Open soumith opened 3 years ago

soumith commented 3 years ago

This is a fairly involved rearchitecting of droidlet, so I'll provide as much context as possible. I've discussed this with @kavyasrinet and @aszlam who both approved this direction.

Motivation

There are several components of droidlet that are useful by themselves. Perception, memory, low-level control primitives and dialog models are components that are independently useful in many projects without having to build a monolithic agent.

Making droidlet a set of independent components that compose well together can extract a lot more value for the user.

There are several projects in active learning, unsupervised learning, AR/VR, dialog assistants that can be formulated with only a subset of components available in droidlet. Yet, as of today, we need to create monolithic agents to do research on any of these topics.

The current state of the codebase doesn't encode that independence assumption. Almost every component of droidlet is dependent on another, and all of them are dependent on having an opaque access pattern via self.agent.

Here is how the dependency graph of droidlet looks like as of today:

drawing

This pattern is almost universally present. Here are some examples:

./base_agent/nsp_dialogue_manager.py:        ProgramNode.create(self.agent.memory, d)
./locobot/agent/perception/perception.py:                "input": InputHandler(self.agent, read_from_camera=True),
./craftassist/agent/low_level_perception.py:            BlockObjectNode.create(self.agent.memory, [(xyz, idm)])

The second issue with this monolithic state is that testing and debugging have become fairly hard, because of action-at-a-distance effects. From our unit-testing, to our end-to-end testing via oncalls, we see the effects of interdependence. @kavyasrinet mentions that it is common during minor refactors as well.

Removing action-at-a-distance interactions almost universally outweighs the debugging and testing complexities of keeping it.

The Proposal

drawing

The proposal is simple in nature, though the work involved is a lot of both mechanical refactoring and redesigning several APIs to be nicer in this new world.

perception, memory and dialog are Independent components that have no dependencies to other components in the project.

Here is the folder structure for them in the root directory.

perception/
memory/
dialog/
lowlevel/
    minecraft/
    locobot/
    franka/
    hellorobot/
    habitat/

They will install as droidlet.perception, droidlet.memory, droidlet.dialog, ...

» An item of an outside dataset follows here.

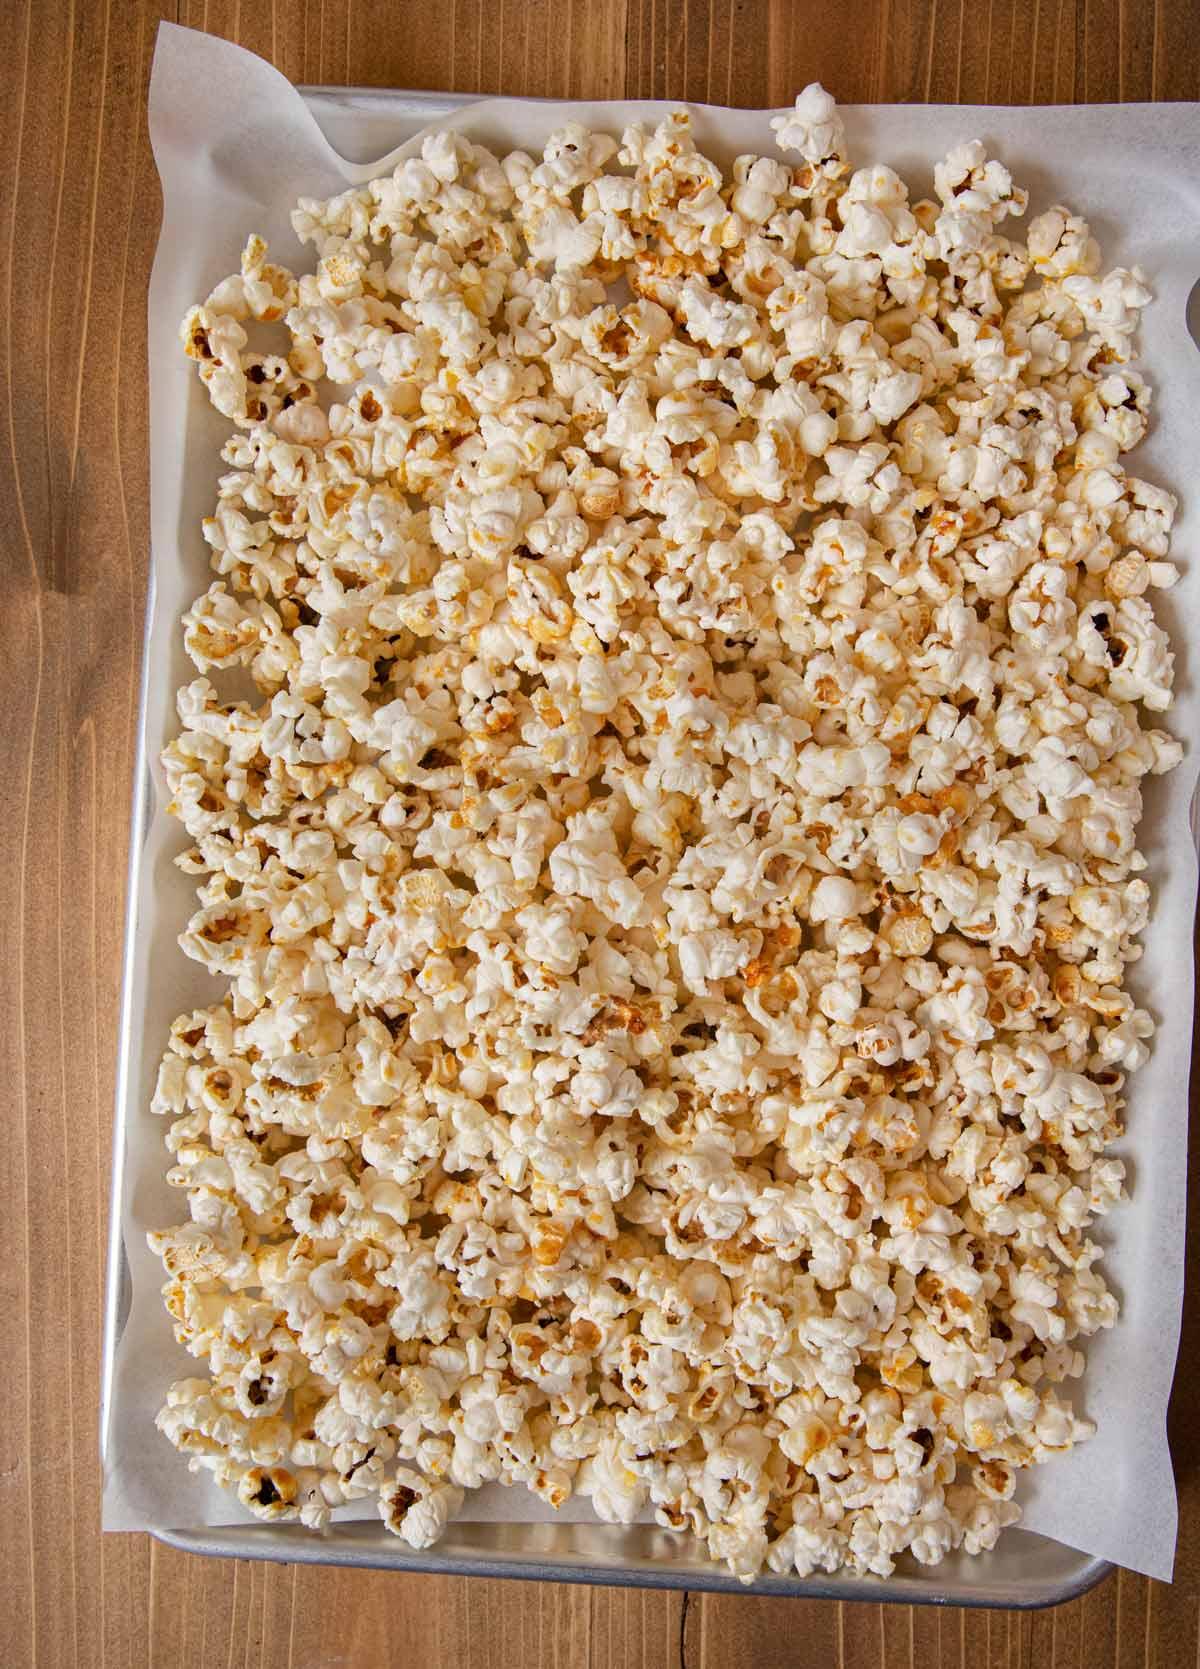 Kettle Corn spread out on baking sheet

interpreter will depend on memory. We will completely clean out the notion of a controller which was often confused with/interchangably used with interpreter, and instead just have interpreter.

interpreter/
    base/                     # level 0
    robot/                    # level 1
    minecraft/                # level 1
    franka/                   # level 2
    hello/                    # level 2

The interpreter tests need memory fills, i.e. entries in memory to test functionality correctly. So, interpreter unit tests will need some small agents (not in the old traditional sense with a monolithic class structure, but just a quick function that creates memory entries).

Lastly, there will be an agents folder that has one file per agent of a certain characteristic.

agents/
    robot_assistant.py
    minecraft_assistant.py
    active_learner.py
    object_grasping.py

The agents will be a single file each, and can be "unstructured" or "structured". More on this later in this proposal.

Memory schema and Interpreter Dictionary

There are three monolithic memory schemas that exist right now:

Either the minecraft or locobot Level-1 schemas can be composed upon the droidlet base schema which we call a Level0 schema.

While we could try to over-modularize the memory-schemas into "perception schema", "arm schema", etc., we aren't aiming to do so in the current proposal.

The end state we'd like to see in this current refactor is to keep this composable leveling pattern, and if needed, formalize a "leveling" or "composablity", so that one knows either from documentation or via a runtime error which schemas are composable on top of others. For example, it should be encoded that minecraft depends on / composes on top of the droidlet schema.

Similarly, we have dictionaries in the canonical interpreter representation, where some base words are universal, but some specific words are related to capabilities of a given environment or agent.

For example, move is a common word in all agents (but doesn't have to be), but grasp or pinch might be related to specific agent capabilities. Some environments can have new capabilities, for example swim.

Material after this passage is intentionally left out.